Description of problem: When upgrading from OSP11 to OSP12 container, ceph-ansible attempts to disable the RGW service provided by the overcloud image. The task attempts to stop/disable ceph-rgw@{{ ansible-hostname }} and ceph-radosgw@{{ ansible-hostname }}.service. The actual service name is ceph-radosgw@radosgw.$name Version-Release number of selected component (if applicable): ceph-ansible-3.0.14-1.el7cp.noarch How reproducible: Steps to Reproduce: 1. Install OSP11 2. Upgrade to OSP12 3. Actual results: radosgw system service remains enabled. this causes the radosgw container service to go into a failed state due to the port being bound. Expected results: radosgw system service disabled. radosgw container service running Additional info: Working to replicate the reported issue.
Just to be sure, is it when running rolling_update.yml?
(In reply to leseb from comment #1) > Just to be sure, is it when running rolling_update.yml? No, this is with switch-from-non-containerized-to-containerized-ceph-daemons.yml
the verification failed. The rgw system service is running and cause the rgw container to fail - it uses the same port. post upgrade output: [root@controller-1 ~]# systemctl -a | grep ceph ceph-radosgw.service loaded active running Ceph rados gateway ceph-radosgw.service loaded activating auto-restart Ceph RGW # netstat -tuplan4 | grep 8080 tcp 0 0 172.17.3.19:8080 0.0.0.0:* LISTEN 158261/haproxy tcp 0 0 10.0.0.110:8080 0.0.0.0:* LISTEN 158261/haproxy tcp 0 0 172.17.3.20:8080 0.0.0.0:* LISTEN 93050/radosgw
fix in https://github.com/ceph/ceph-ansible/releases/tag/v3.0.18
the verification failed
Tested with v3.0.21 and it passed. @Yogev, I think we can move this BZ to 'VERIFIED' ?

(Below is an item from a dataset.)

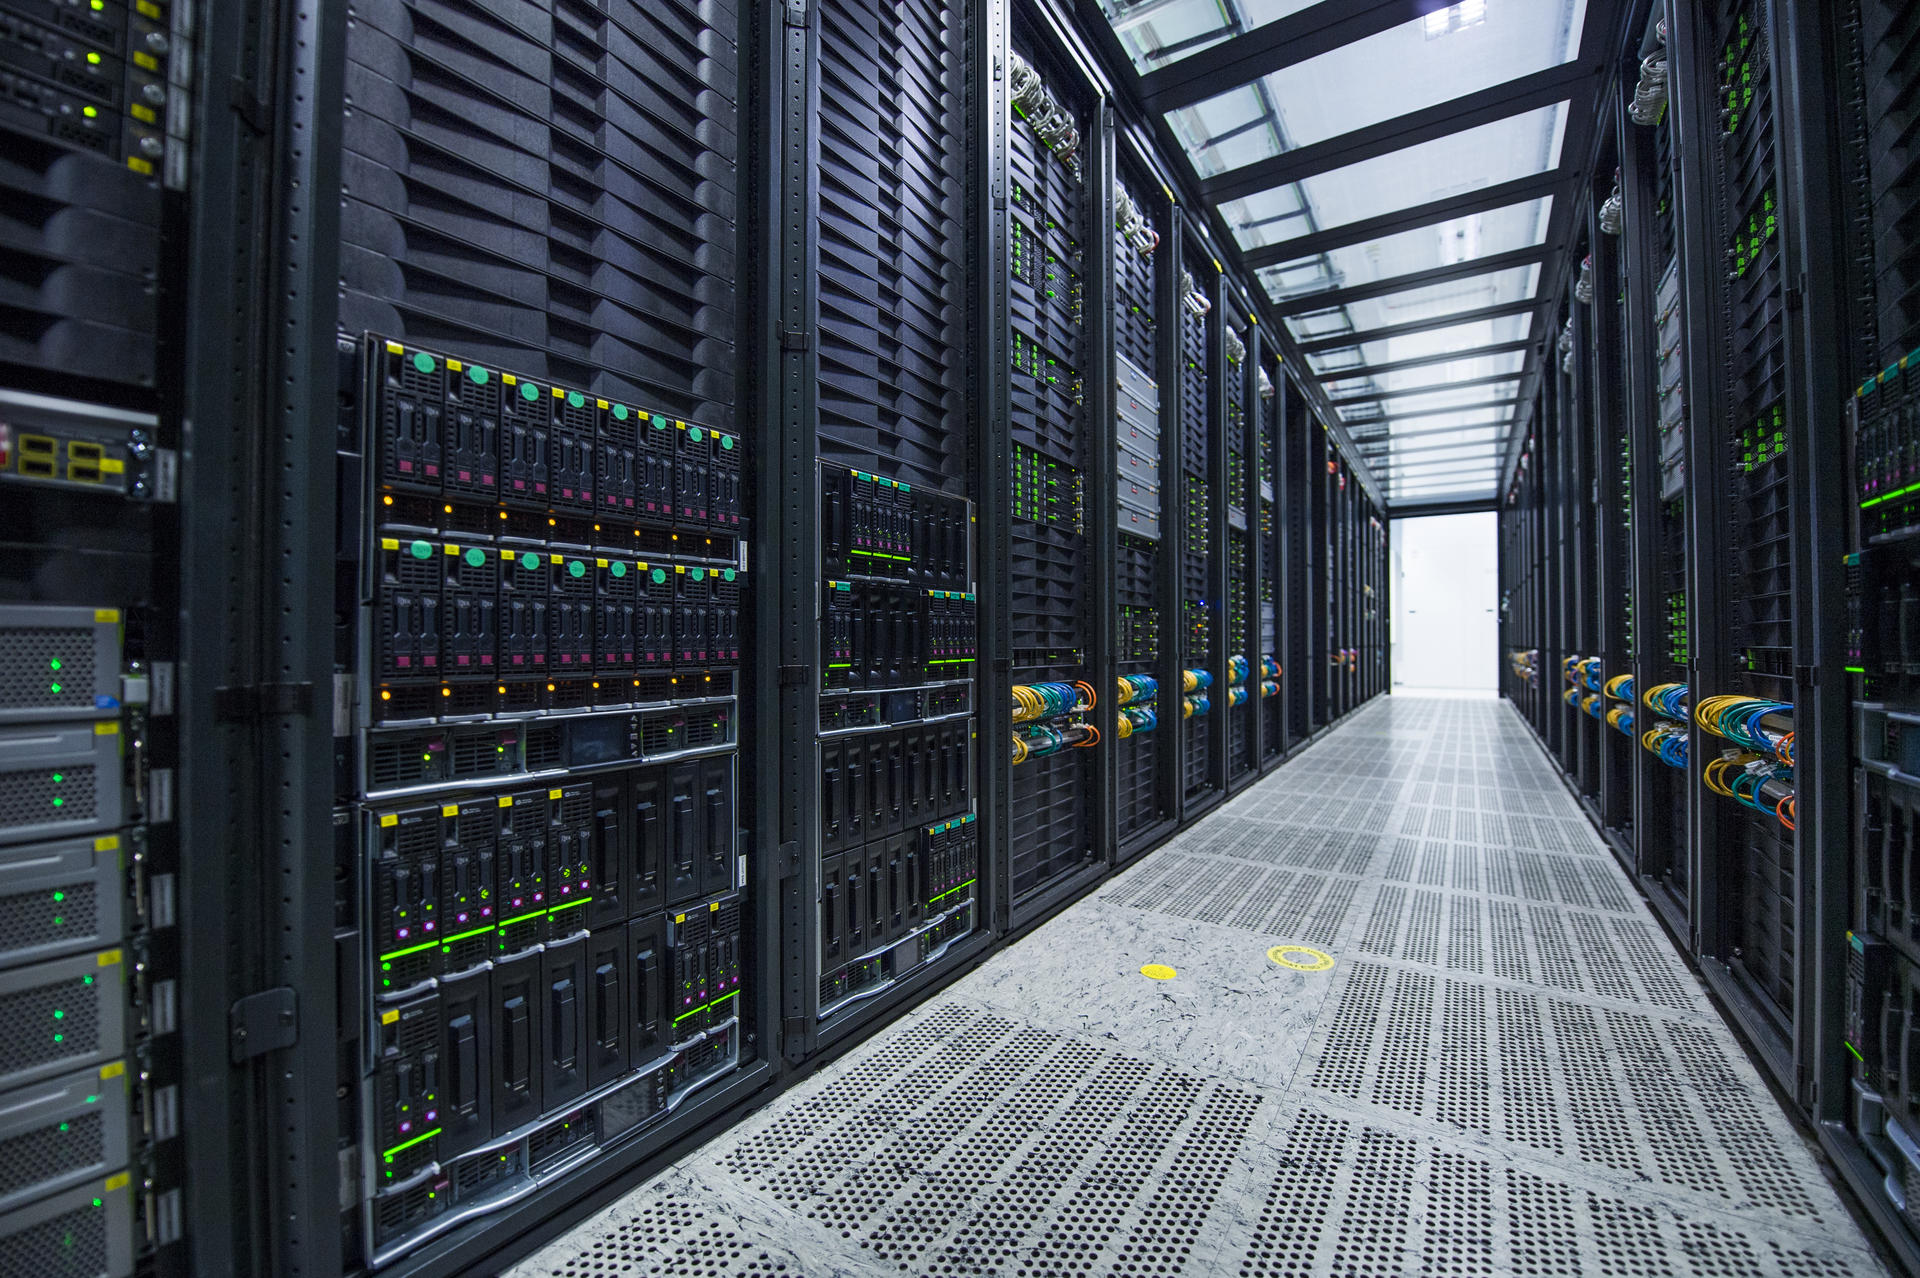 Kamień milowy w rozwoju ośrodków data center – nowy system operacyjny i narzędzia Nokii dają niespotykaną dotąd zdolność do adaptacji, automatyzacji i skalowania chmury

Hi Bara, it looks good to me.
I have came across a problem in the upgrade that is not related to this bug, we are checking for a workaround and will verify this
This is a work in progress, will test it tomorrow at the latest
With the latest version of Ceph-ansible and the latest version of ceph docker image the verification failed: [root@controller-0 ~]# ceph -s cluster c9e9f454-0ce9-11e8-a5d6-5254007feace health HEALTH_WARN too many PGs per OSD (480 > max 300) monmap e1: 3 mons at {controller-0=172.17.3.15:6789/0,controller-1=172.17.3.21:6789/0,controller-2=172.17.3.13:6789/0} election epoch 38, quorum 0,1,2 controller-2,controller-0,controller-1 osdmap e48: 3 osds: 3 up, 3 in flags sortbitwise,require_jewel_osds,recovery_deletes pgmap v3255: 480 pgs, 14 pools, 1588 bytes data, 171 objects 138 MB used, 104 GB / 104 GB avail 480 active+clean [root@controller-0 ~]# docker ps | grep ceph 61b91cc92326 brew-pulp-docker01.web.prod.ext.phx2.redhat.com:8888/rhceph:ceph-2-rhel-7-docker-candidate-81064-20180205070134 "/entrypoint.sh" 2 minutes ago Up 2 minutes ceph-mon-controller-0 dc6bbfae758b brew-pulp-docker01.web.prod.ext.phx2.redhat.com:8888/rhceph:ceph-2-rhel-7-docker-candidate-81064-20180205070134 "/entrypoint.sh" 3 minutes ago Up 3 minutes ceph-rgw-controller-0 [root@controller-0 ~]# systemctl -a | grep ceph ceph-mon loaded active running Ceph Monitor ceph-radosgw.service loaded active running Ceph RGW system-ceph\x2dcreate\x2dkeys.slice loaded active active system-ceph\x2dcreate\x2dkeys.slice system-ceph\x2dmon.slice loaded active active system-ceph\x2dmon.slice system-ceph\x2dradosgw.slice loaded active active system-ceph\x2dradosgw.slice ceph-mds.target loaded active active ceph target allowing to start/stop all ceph-mds@.service instances at once ceph-mon.target loaded active active ceph target allowing to start/stop all ceph-mon@.service instances at once ceph-osd.target loaded active active ceph target allowing to start/stop all ceph-osd@.service instances at once ceph-radosgw.target loaded active active ceph target allowing to start/stop all ceph-radosgw@.service instances at once ceph.target loaded active active ceph target allowing to start/stop all ceph*@.service
The verification was successful after all [root@controller-2 ~]# systemctl status ceph-radosgw.service ● ceph-radosgw.service - Ceph RGW Loaded: loaded (/etc/systemd/system/ceph-radosgw@.service; enabled; vendor preset: disabled) Active: active (running) since Fri 2018-02-09 18:28:47 UTC; 2 days ago Main PID: 729787 (docker-current) CGroup: /system.slice/system-ceph\x2dradosgw.slice/ceph-radosgw.service └─729787 /usr/bin/docker-current run --rm --net=host --memory=1g --cpu-quota=100000 -v /var/lib/ceph:/var/lib/ceph -v /etc/ceph:/etc/ceph -e RGW_CIVETWEB_IP=172.17.3.13 -v /etc/...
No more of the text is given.